No picture belongs in the answer, which must hold exactly the lines from the one with "Beitrage Zur Deutschen" through the final line below.
╭─ DATASET CONTENT
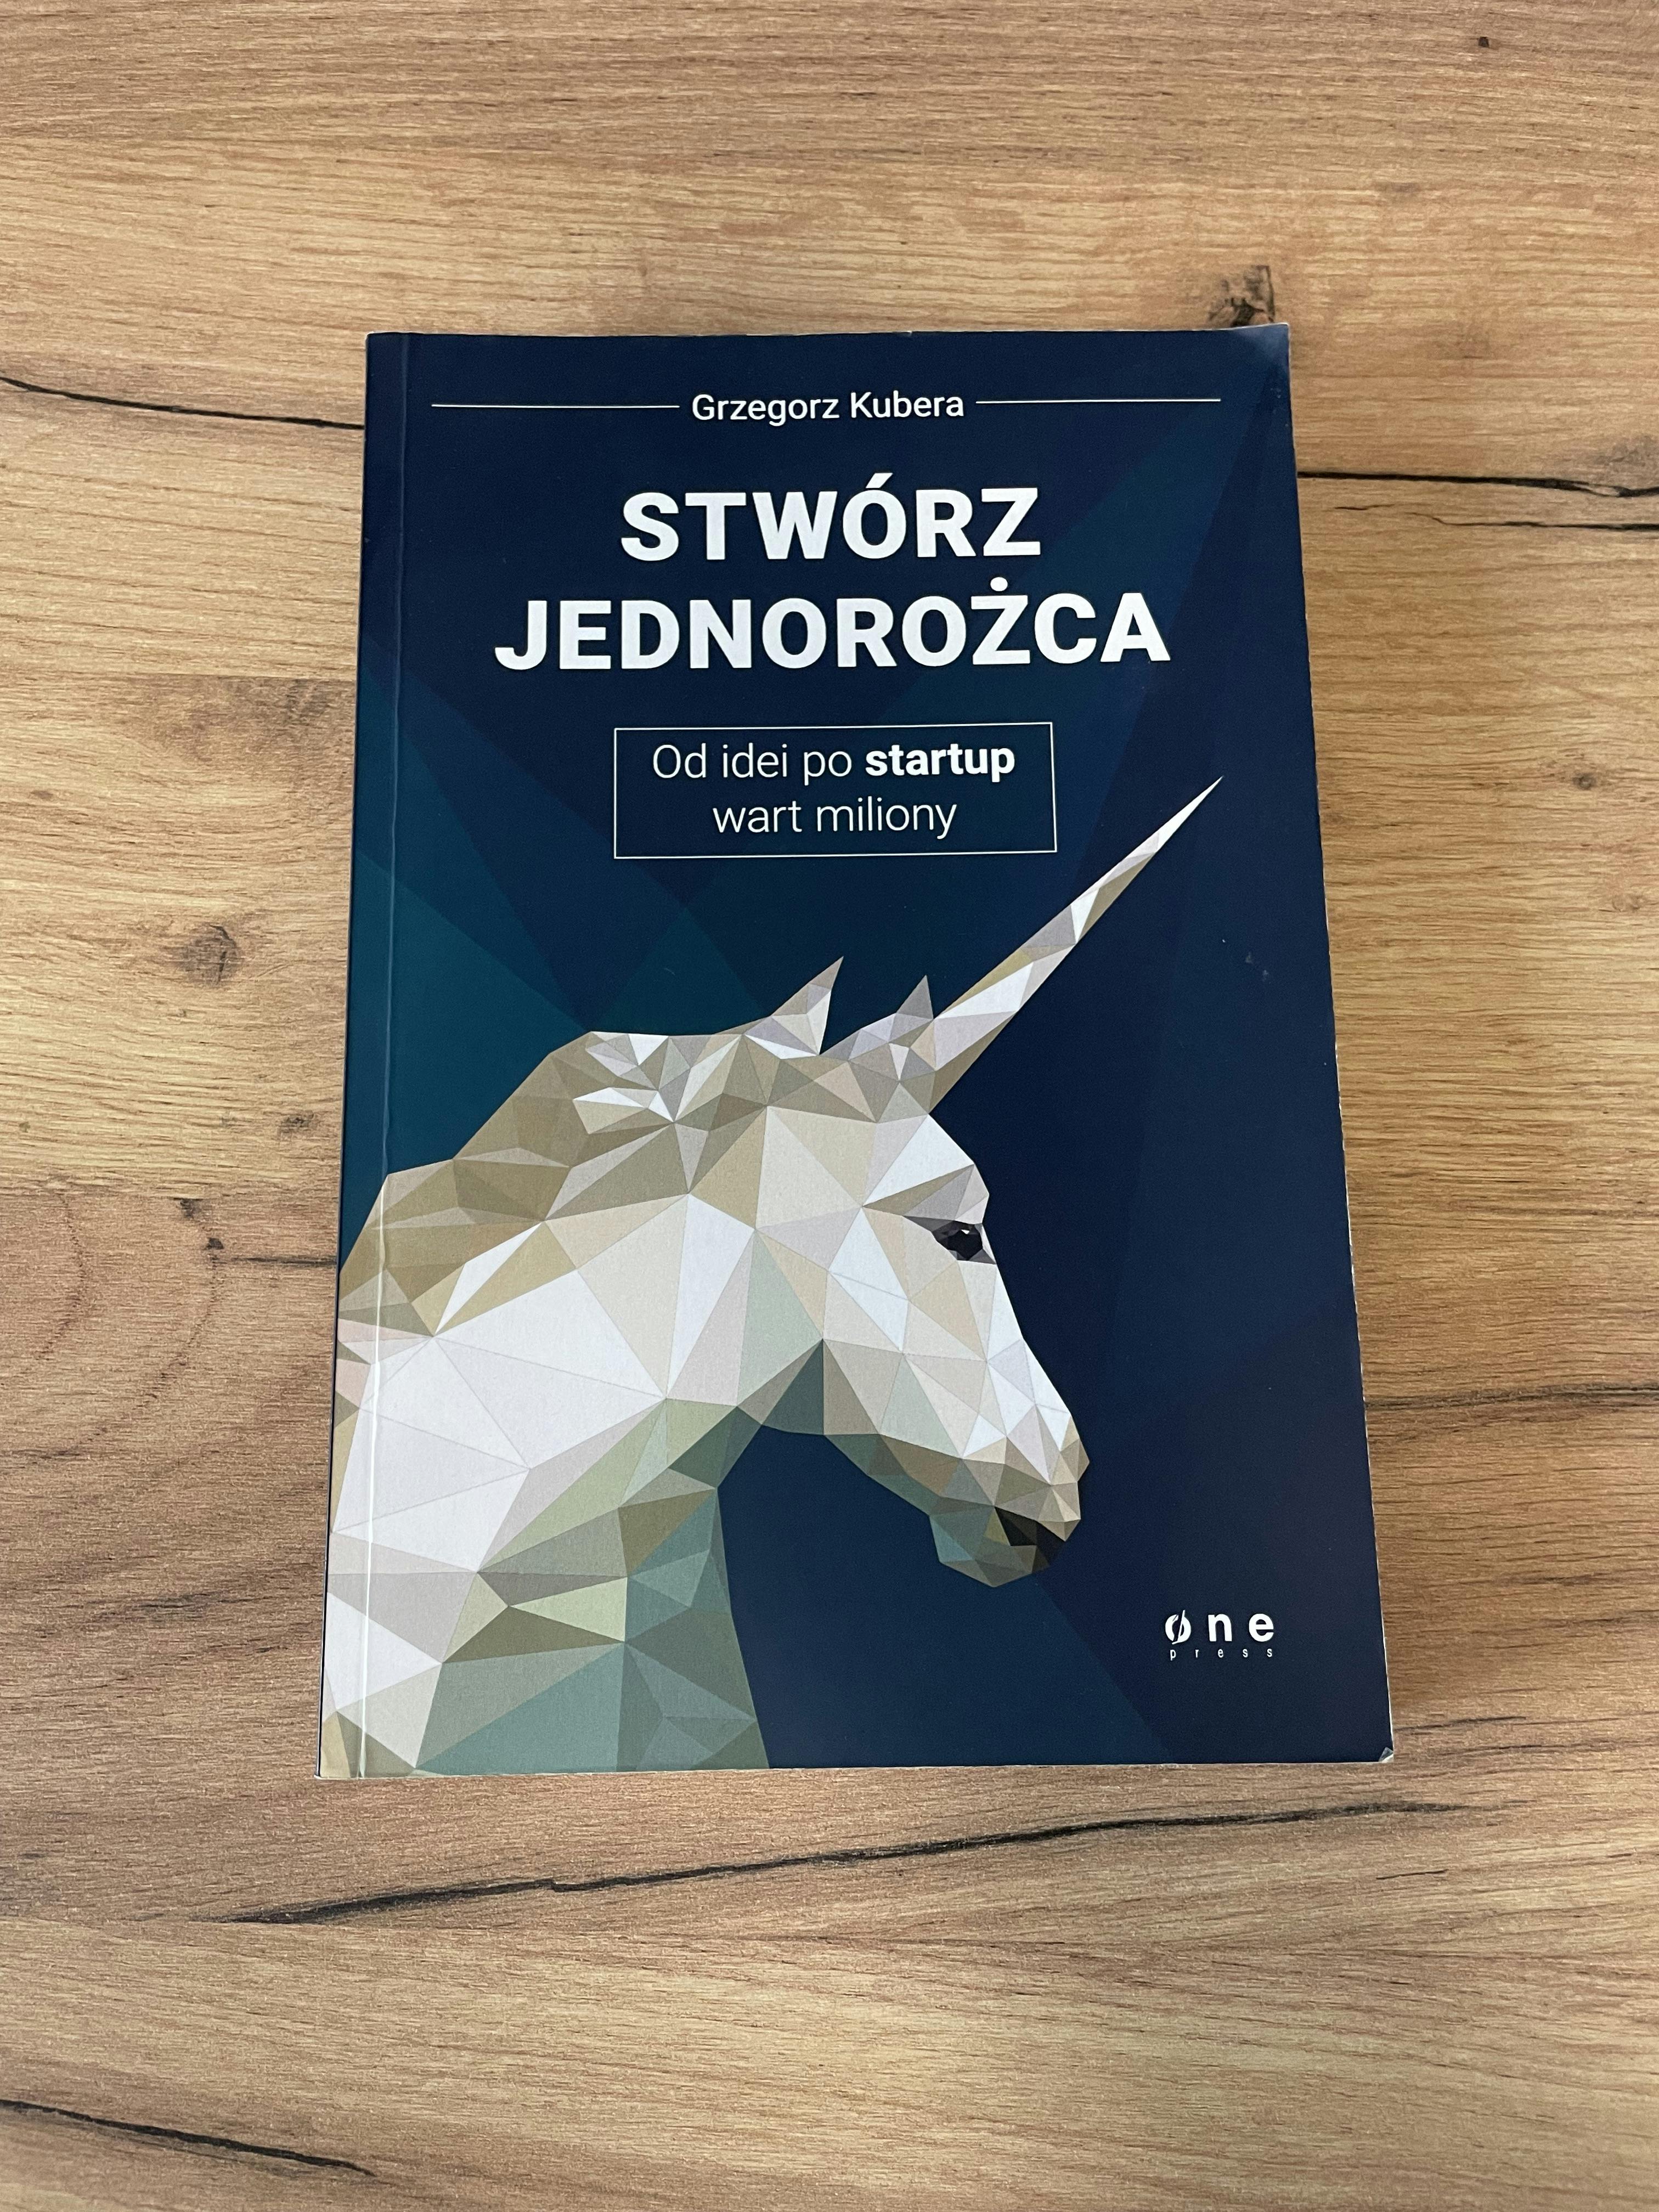 Primary picture of Książka "Stwórz jednorożca. Od idei po startup wart miliony". Autor: Grzegorz Kubera
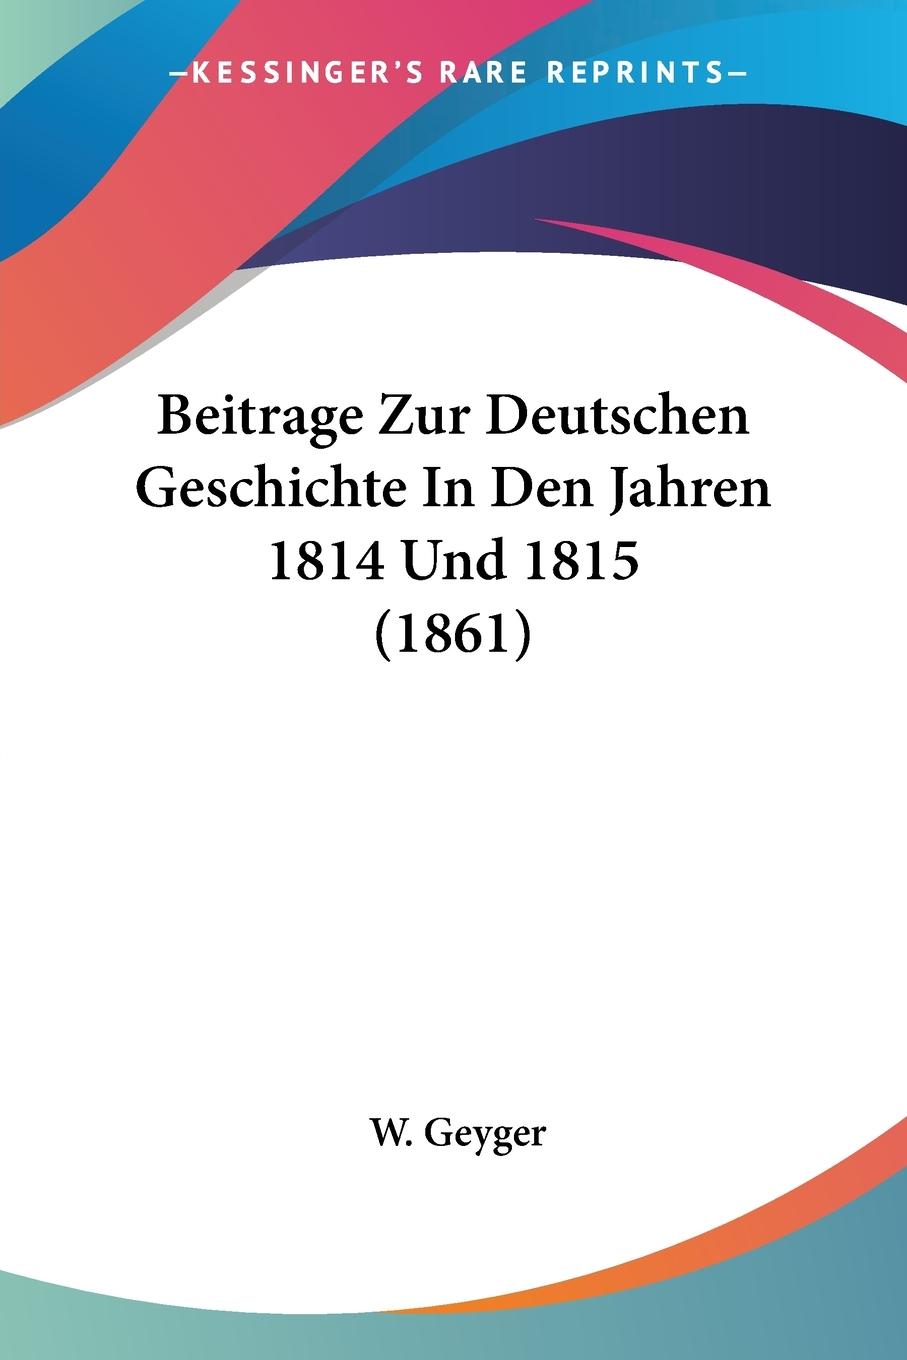 Beitrage Zur Deutschen Geschichte In Den Jahren 1814 Und 1815 (1861) - Geyger, W.
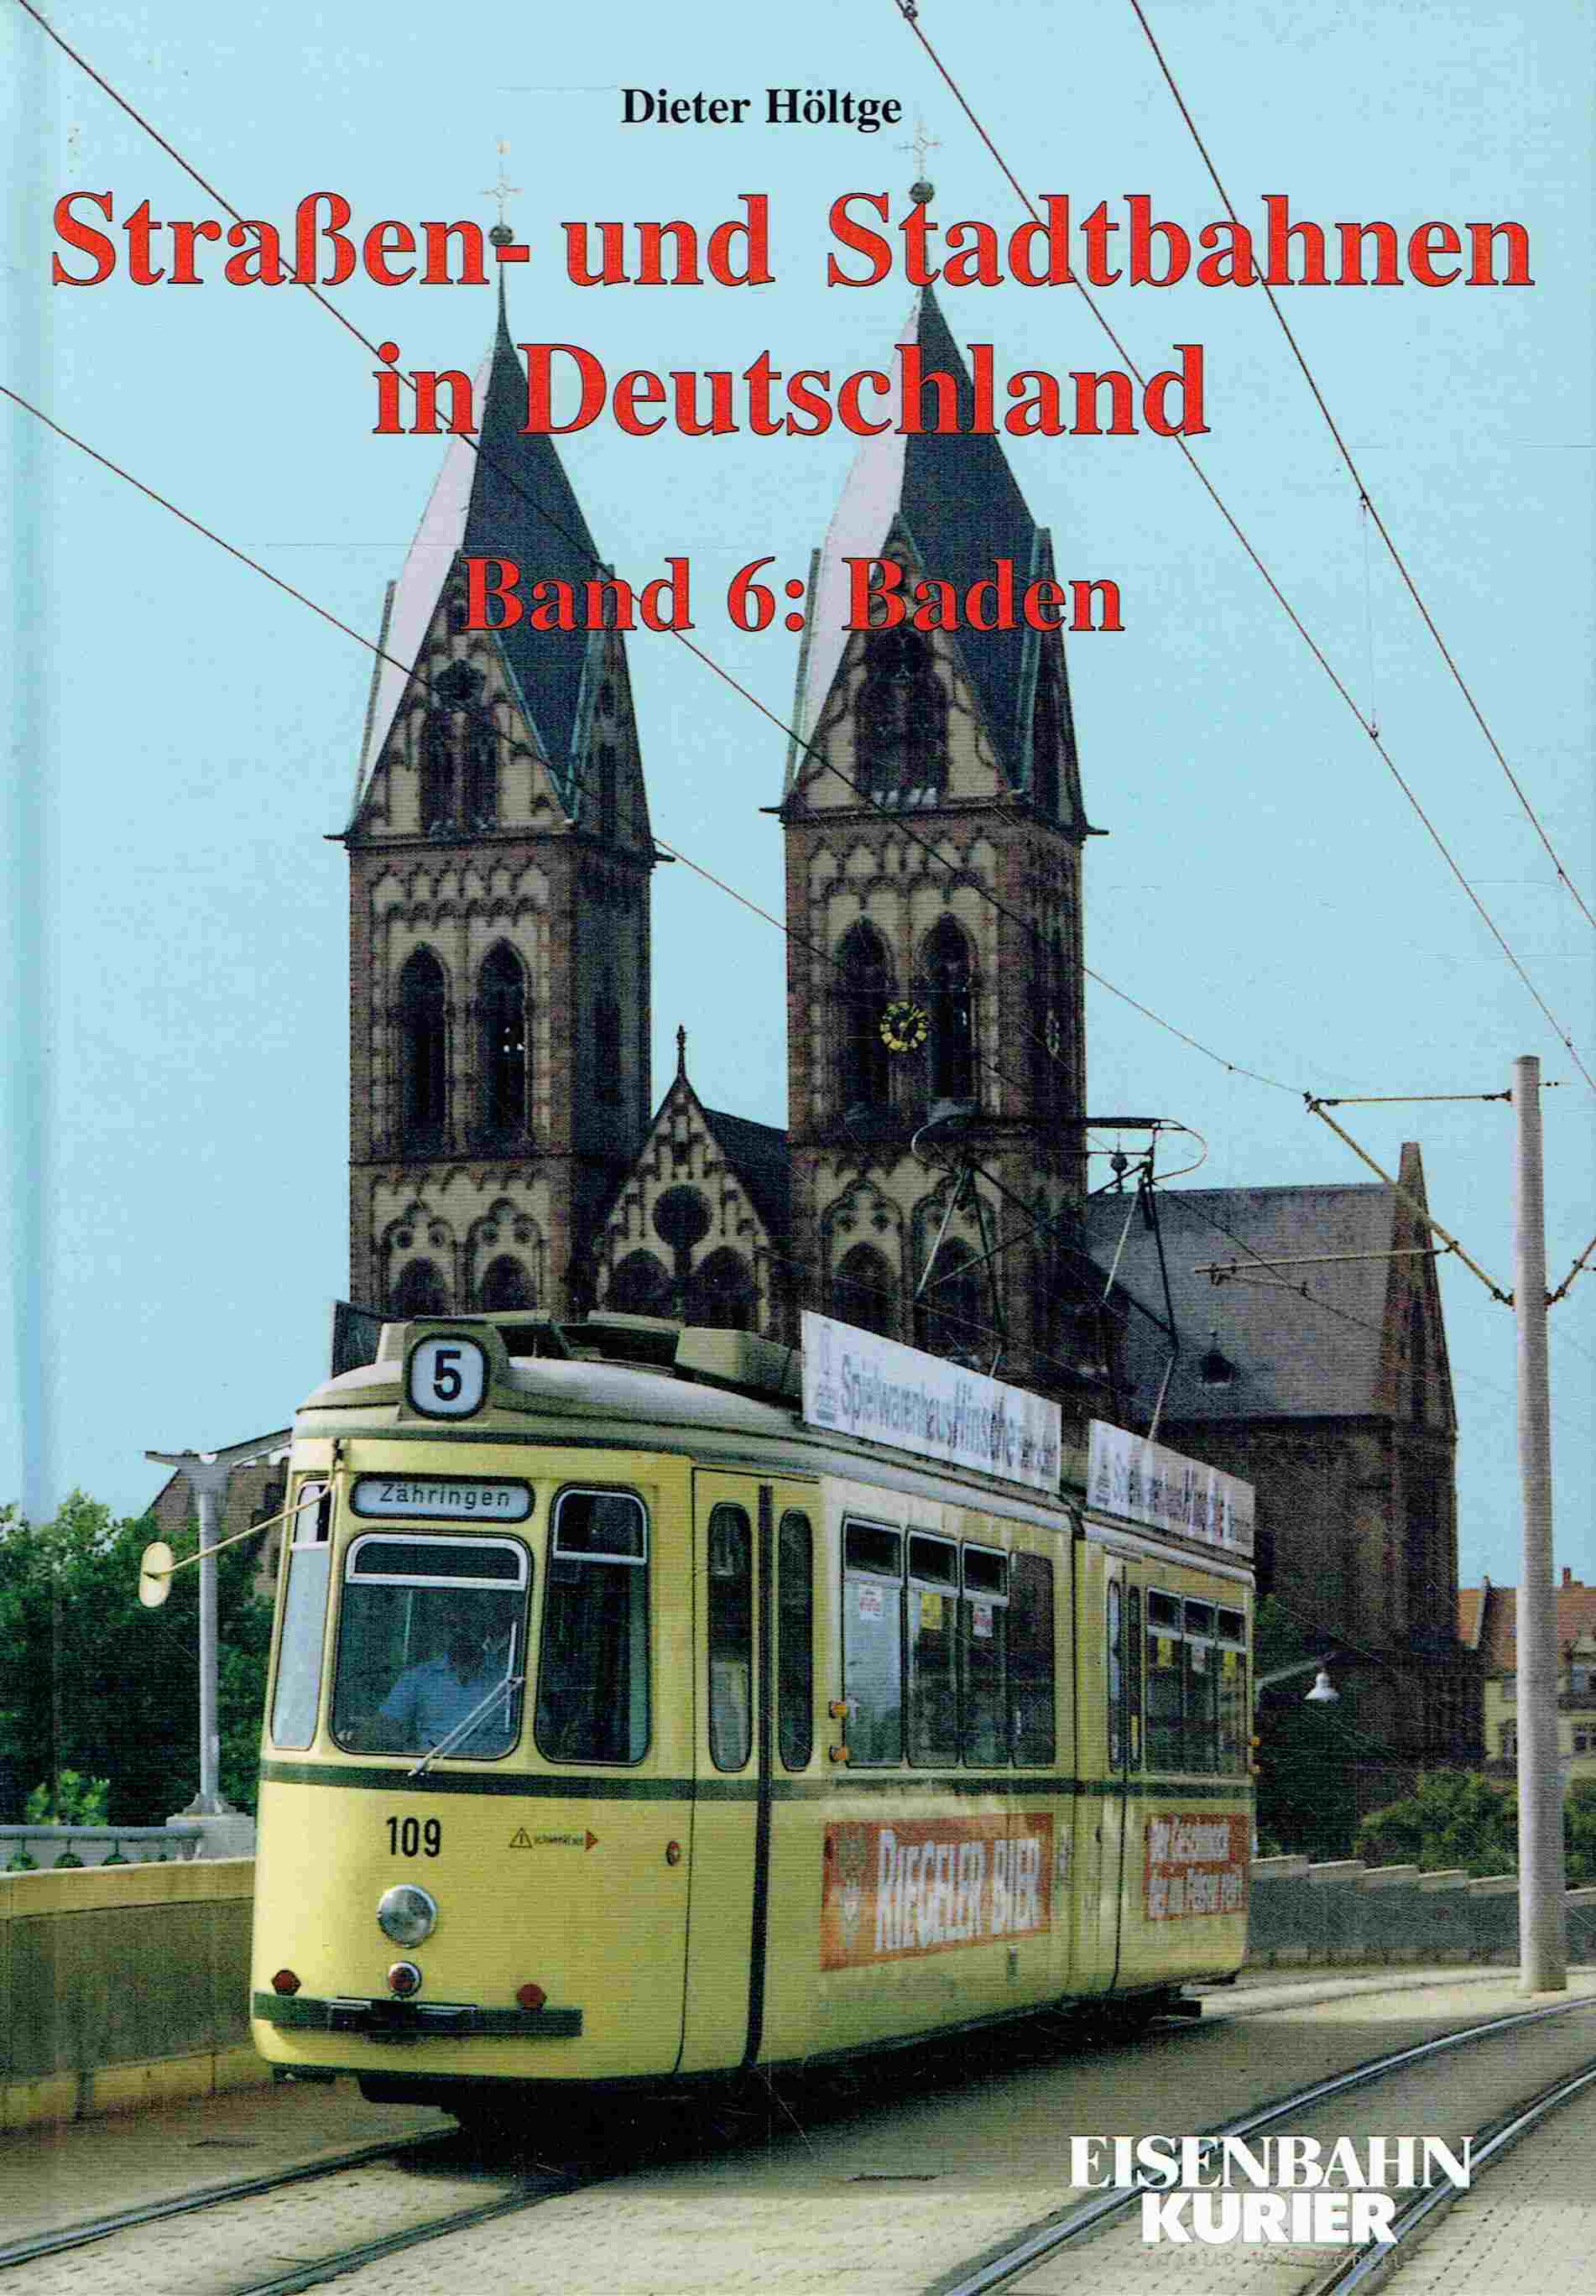 Straßenbahnen und Stadtbahnen in Deutschland. Band 6: Baden. - Höltge, Dieter
╰─
◆ COMPLETED TASK ◆
 Beitrage Zur Deutschen Geschichte In Den Jahren 1814 Und 1815 (1861) - Geyger, W.
 Straßenbahnen und Stadtbahnen in Deutschland. Band 6: Baden. - Höltge, Dieter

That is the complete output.